4 . The electrical power system of claim 3 , wherein the module controller is configured to pre-charge the battery cells of the battery module via the pre-charge electrical path until the voltage level of the battery cells is synchronized with the voltage level of the bus by adjusting a resistance of the variable resistance.
5 . The electrical power system of claim 4 , wherein the module controller is configured to set the resistance of the variable resistance to a maximum value prior to closing the pre-charge switch.
6 . The electrical power system of claim 2 , wherein the battery module further comprises a main switch on the main electrical path, and wherein the module controller is further configured to:
detect that the voltage level of the battery cells is synchronized with the voltage level of the bus; and close the main switch on the main electrical path in response to detecting that the voltage level of the battery cells is synchronized with the voltage level of the bus.
7 . The electrical power system of claim 6 , wherein the module controller is configured to open the pre-charge switch after the main switch is closed.
8 . A battery module configured to couple with a bus of a battery rack and receive power therefrom, the battery module comprising battery cells and a module controller configured to:
detect that the battery module has been inserted into the battery rack; and pre-charge the battery cells of the battery module via a pre-charge electrical path until a voltage level of the battery cells is synchronized with a voltage level of the bus.
9 . The battery module of claim 8 , wherein the pre-charge electrical path comprises a pre-charge switch, and wherein the module controller is configured to pre-charge the battery cells of the battery module until the voltage level of the battery cells is synchronized with the voltage level of the bus by closing the pre-charge switch.
10 . The battery module of claim 9 , wherein the pre-charge electrical path further comprises a variable resistance in series with the pre-charge switch.
11 . The battery module of claim 10 , wherein the module controller is configured to pre-charge the battery cells of the battery module via the pre-charge electrical path until the voltage level of the battery cells is synchronized with the voltage level of the bus by adjusting a resistance of the variable resistance.
12 . The battery module of claim 10 , wherein the module controller is configured to set a resistance value of the variable resistance to a maximum resistance value prior to closing the pre-charge switch.

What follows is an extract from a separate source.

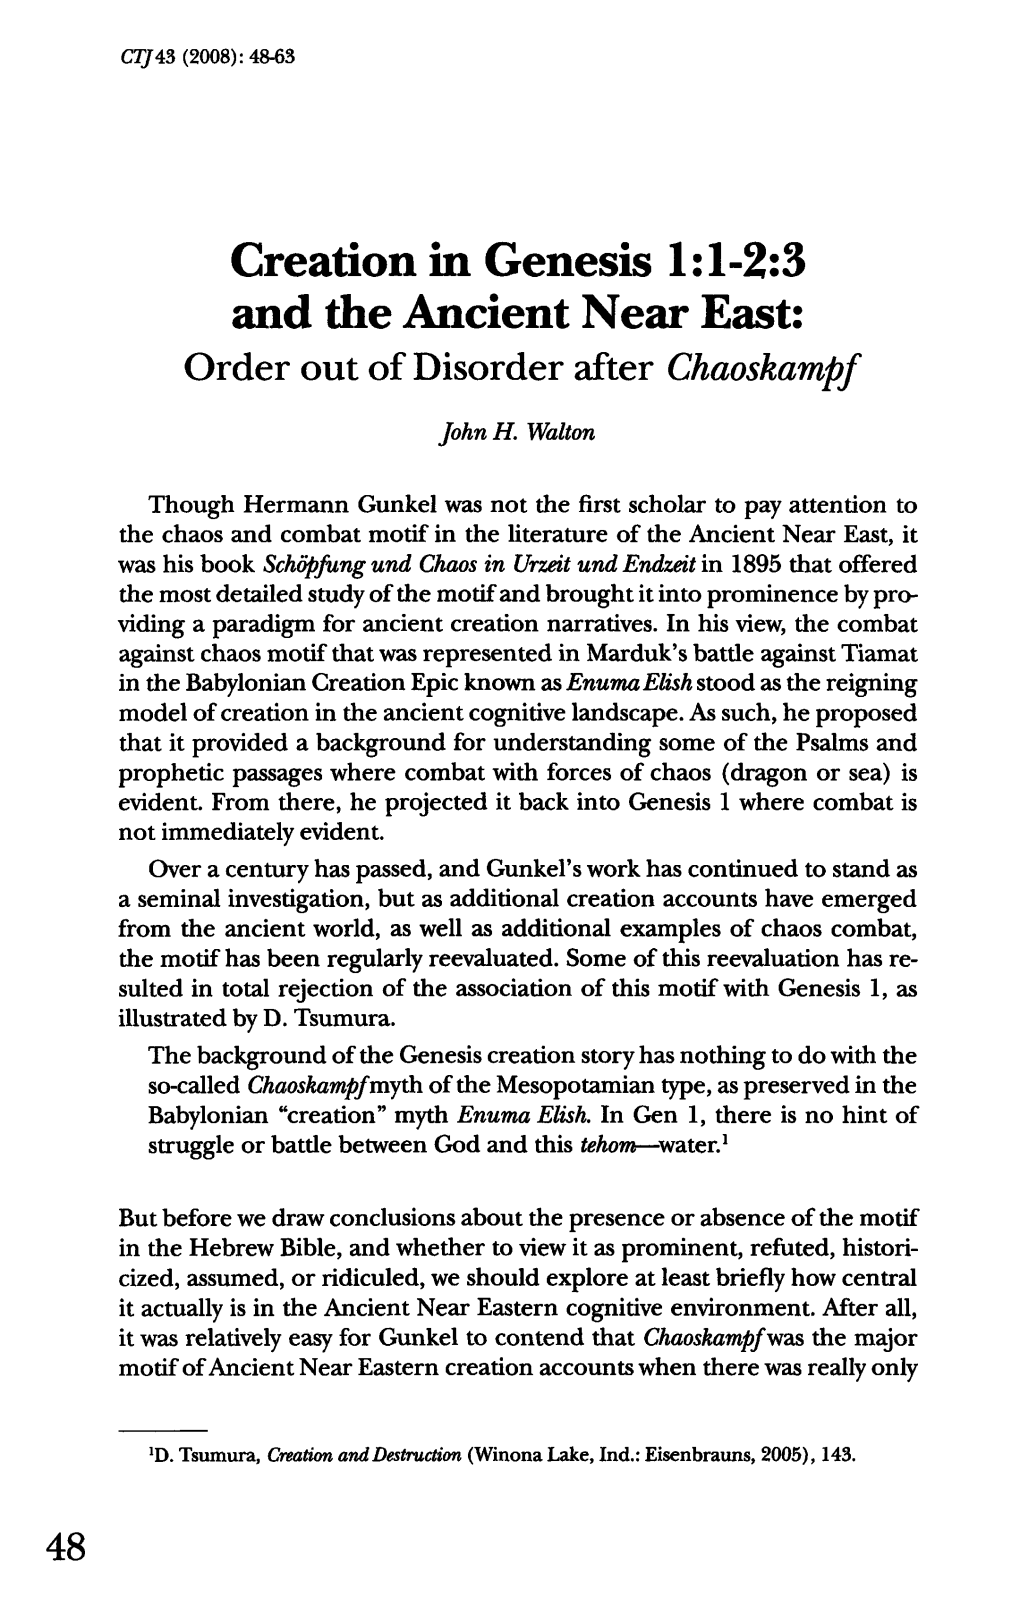 Creation in Genesis 1:1-2:3 and the Ancient Near East: Order out of Disorder After Chaoskampf

13 . The battery module of claim 9 , further comprising a main switch on a main electrical path different from the pre-charge electrical path, and wherein the module controller is further configured to:
detect that the voltage level of the battery cells is synchronized with the voltage level of the bus; and close the main switch in response to detecting that the voltage level of the battery cells is synchronized with the voltage level of the bus.

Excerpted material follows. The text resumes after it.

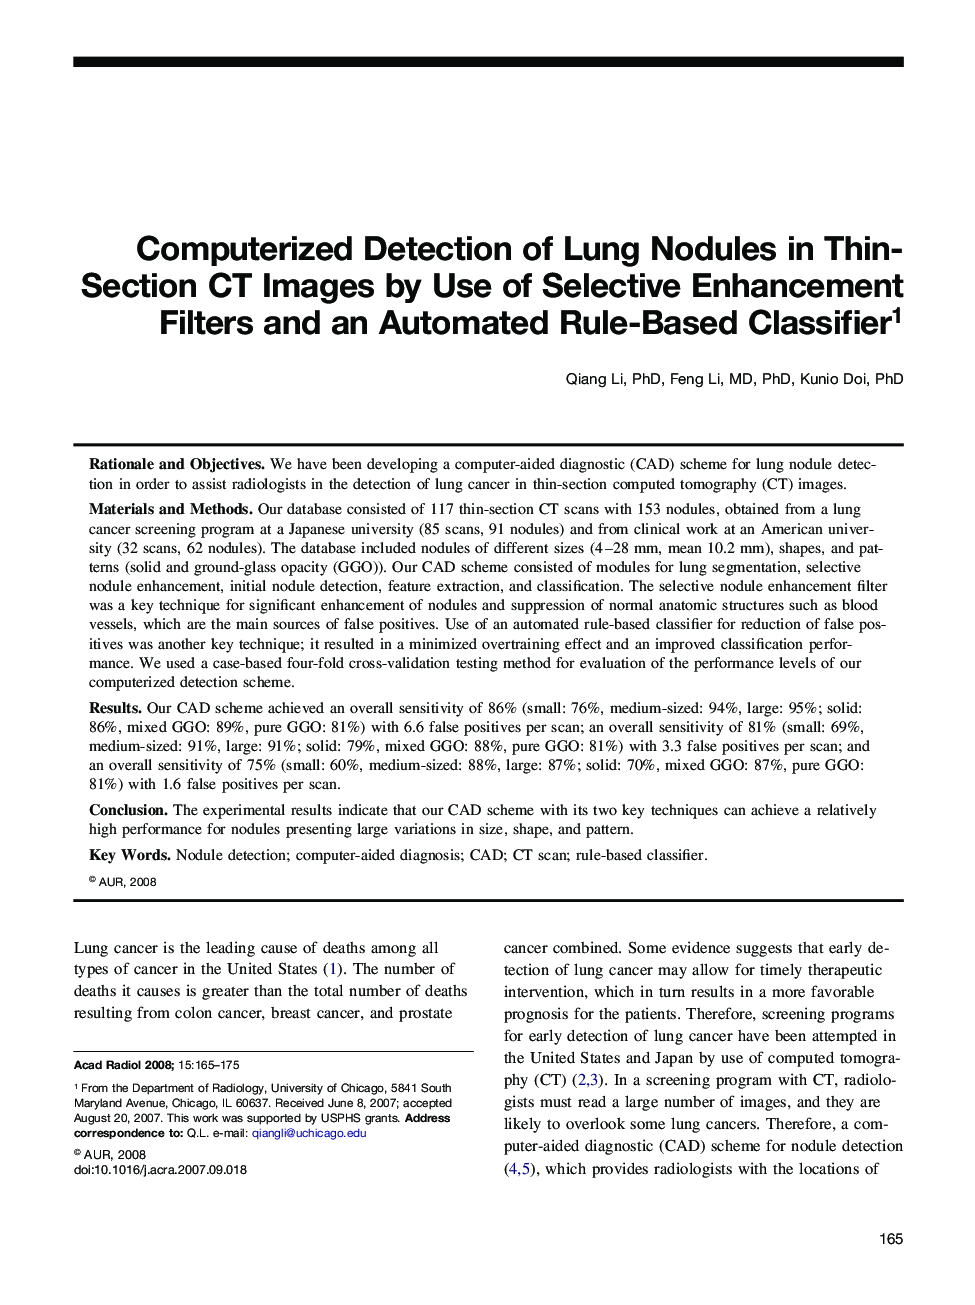 Computerized Detection of Lung Nodules in Thin-Section CT Images by Use of Selective Enhancement Filters and an Automated Rule-Based Classifier

14 . The battery module of claim 13 , wherein the module controller is configured to open the pre-charge switch after the main switch is closed.
15 . A method comprising:
detecting, by a module controller of a battery module, that the battery module has been inserted into a battery rack; and pre-charging, by the module controller, battery cells of the battery module until a voltage level of the battery cells is synchronized with a voltage level of a bus of the battery rack by closing a pre-charge switch on a pre-charge electrical path that is in parallel with a main switch on a main electrical path.
16 . The method of claim 15 , wherein the pre-charge electrical path further comprises a variable resistance in series with the pre-charge switch.
17 . The method of claim 16 , wherein pre-charging the battery cells of the battery module until the voltage level of the battery cells is synchronized with the voltage level of the bus comprises adjusting a resistance of the variable resistance.
18 . The method of claim 16 , further comprising:
setting, by the module controller, a resistance value of the variable resistance to a maximum resistance value prior to closing the pre-charge switch.
19 . The method of claim 15 , further comprising:
detecting, by the module controller, that the voltage level of the battery cells is synchronized with the voltage level of the bus; and closing the main switch in response to detecting that the voltage level of the battery cells is synchronized with the voltage level of the bus.
20 . The method of claim 19 , further comprising:
opening the pre-charge switch after the main switch is closed.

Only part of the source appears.